Requirement:
Start at the first line below and write out everything verbatim except the pictures.

Information provided:
══════

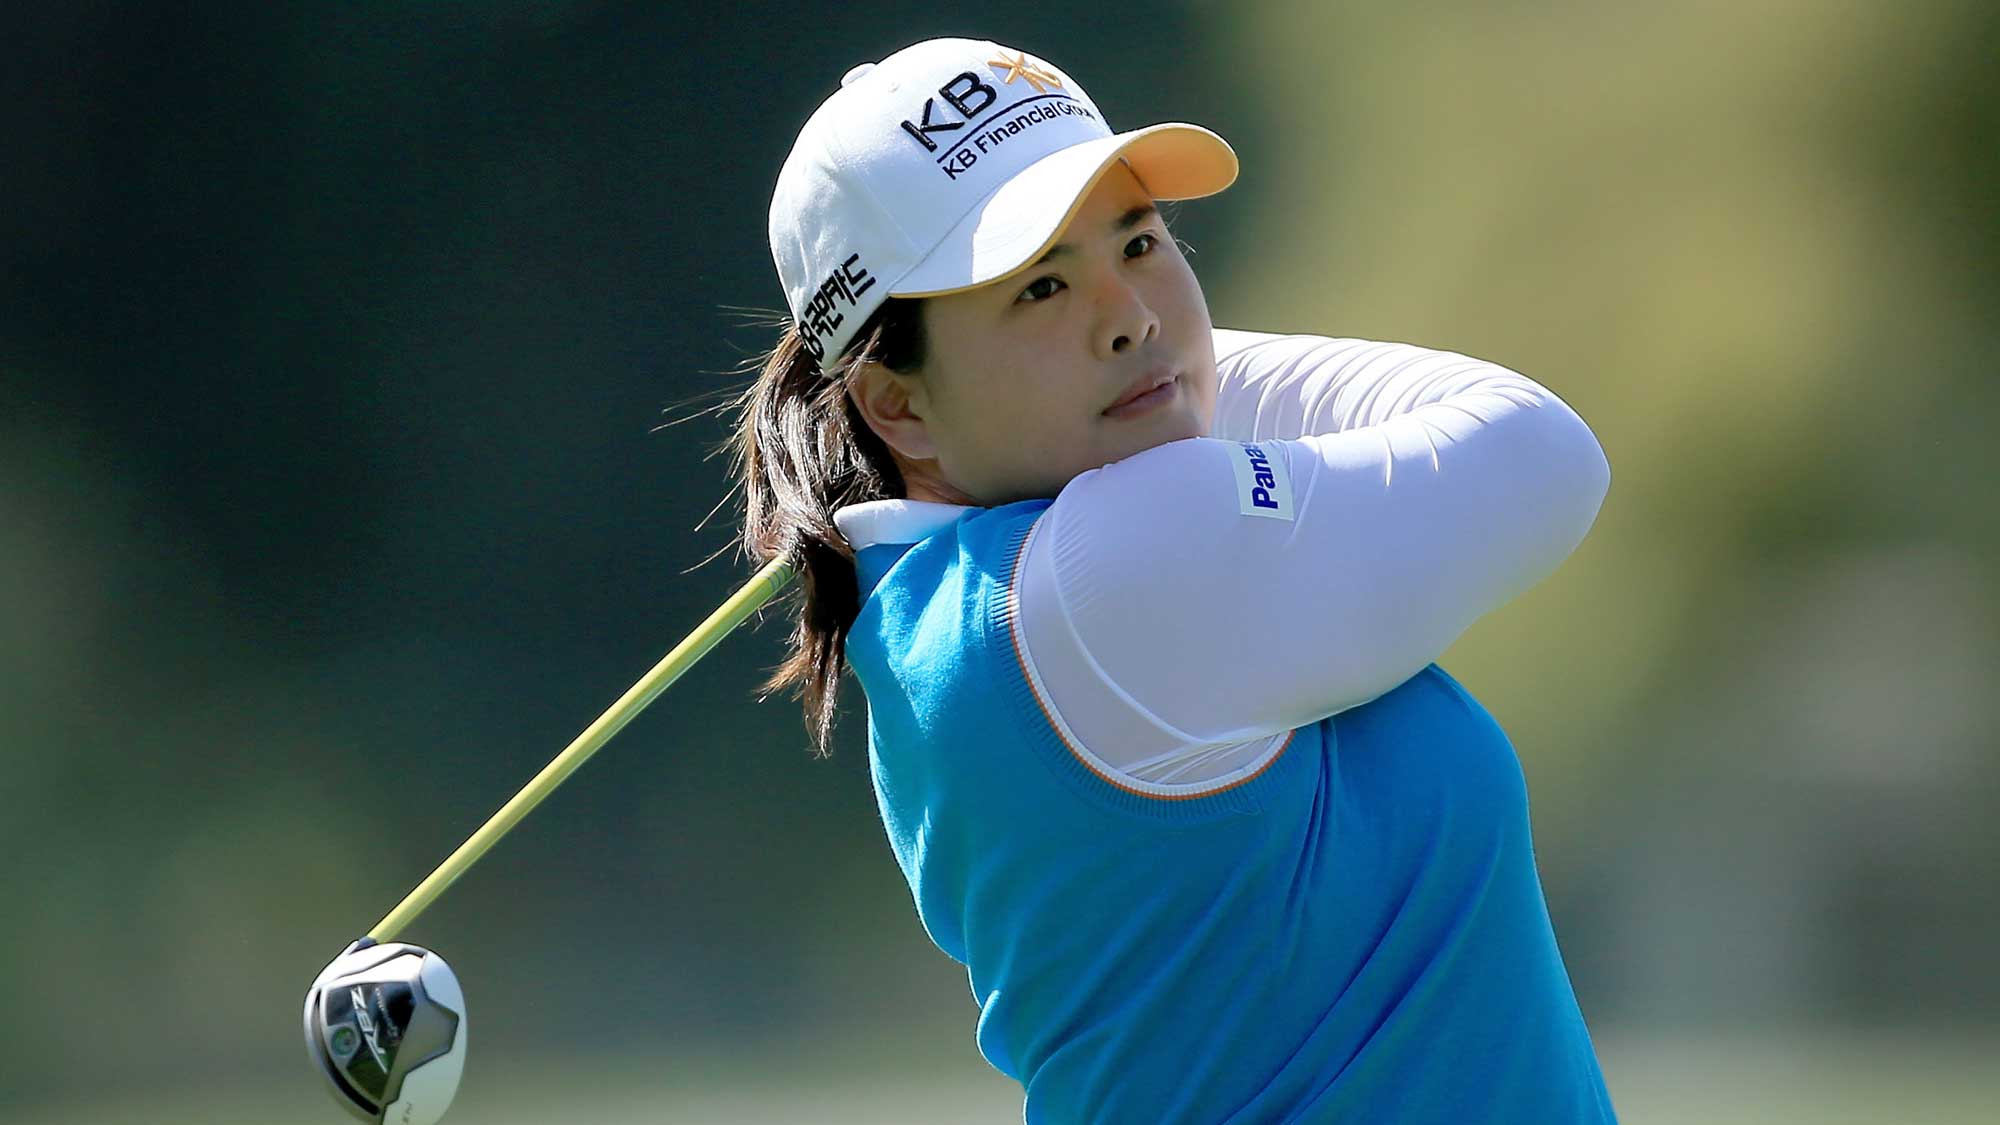 What does Park want to accomplish in the game? | LPGA | Ladies ...
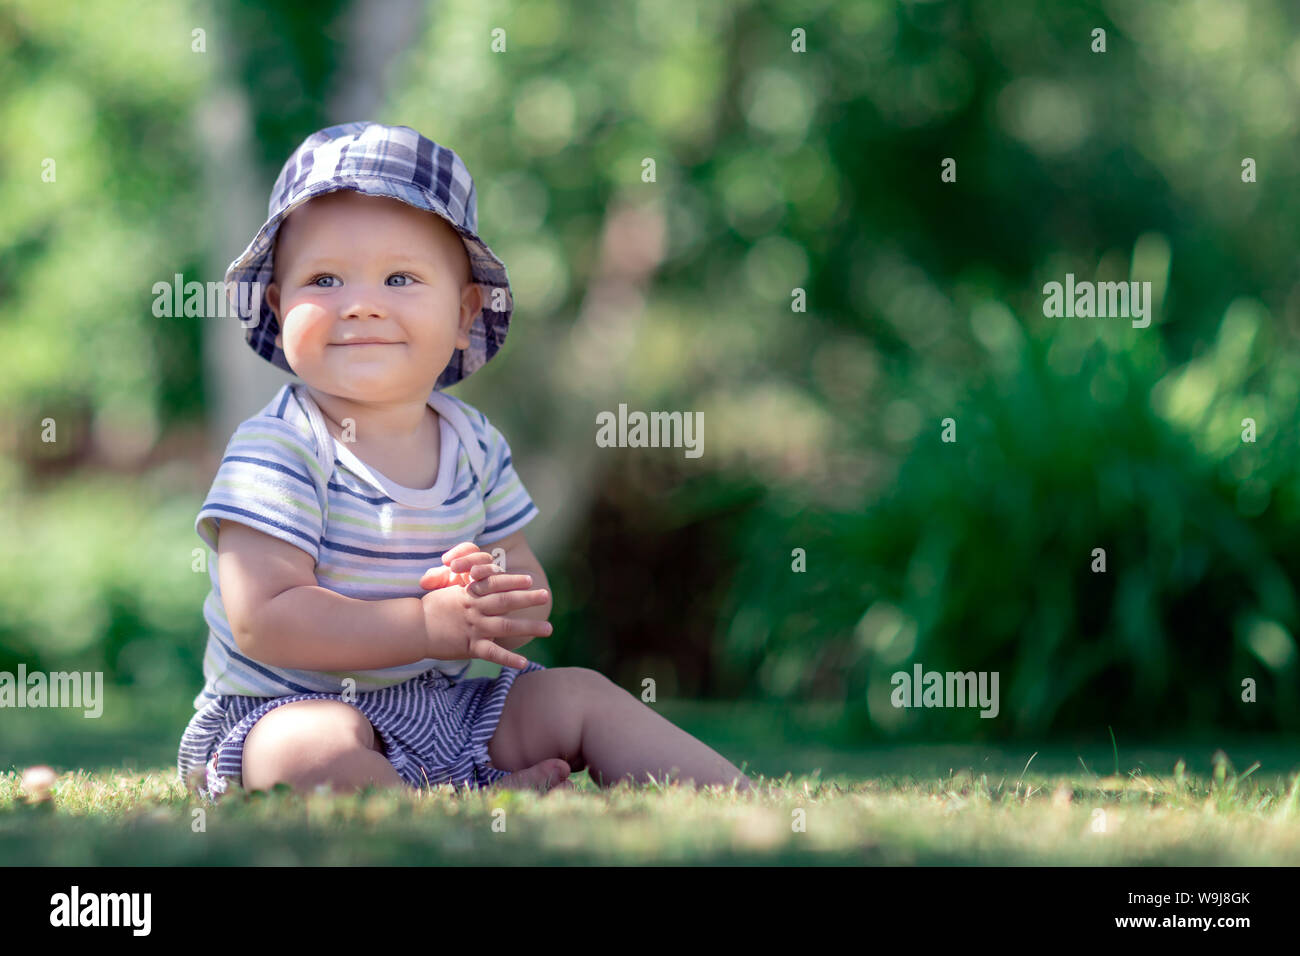 Cute baby sitting on the grass in the garden and applaud Stock Photo
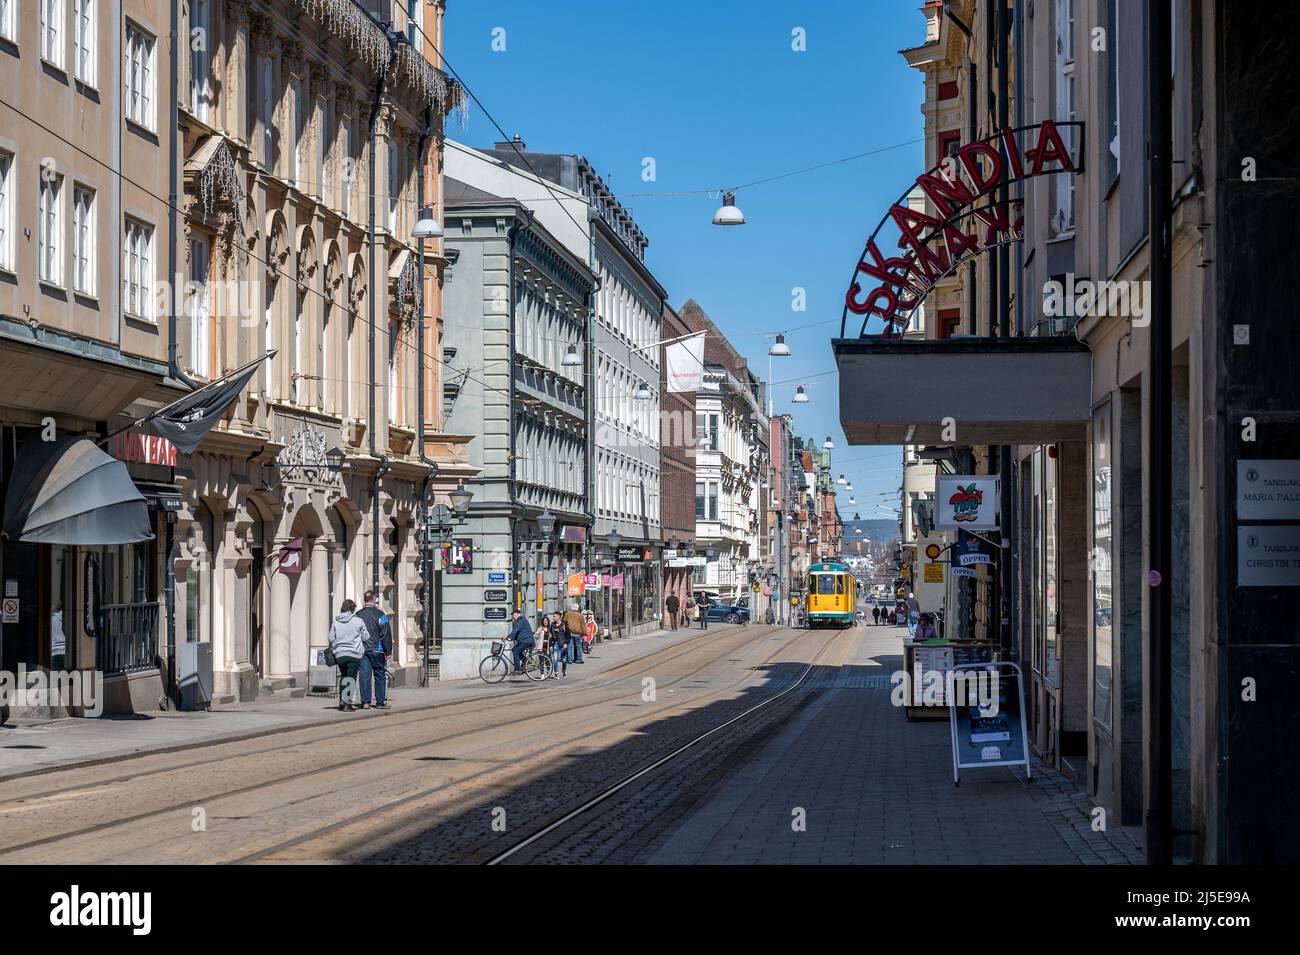 Tram on Drottningatan in the city center of Norrkoping, Sweden. The yellow trams are iconic for Norrkoping. Stock Photo

══════

Exercise solution:
 What does Park want to accomplish in the game? | LPGA | Ladies ...
 Cute baby sitting on the grass in the garden and applaud Stock Photo
 Tram on Drottningatan in the city center of Norrkoping, Sweden. The yellow trams are iconic for Norrkoping. Stock Photo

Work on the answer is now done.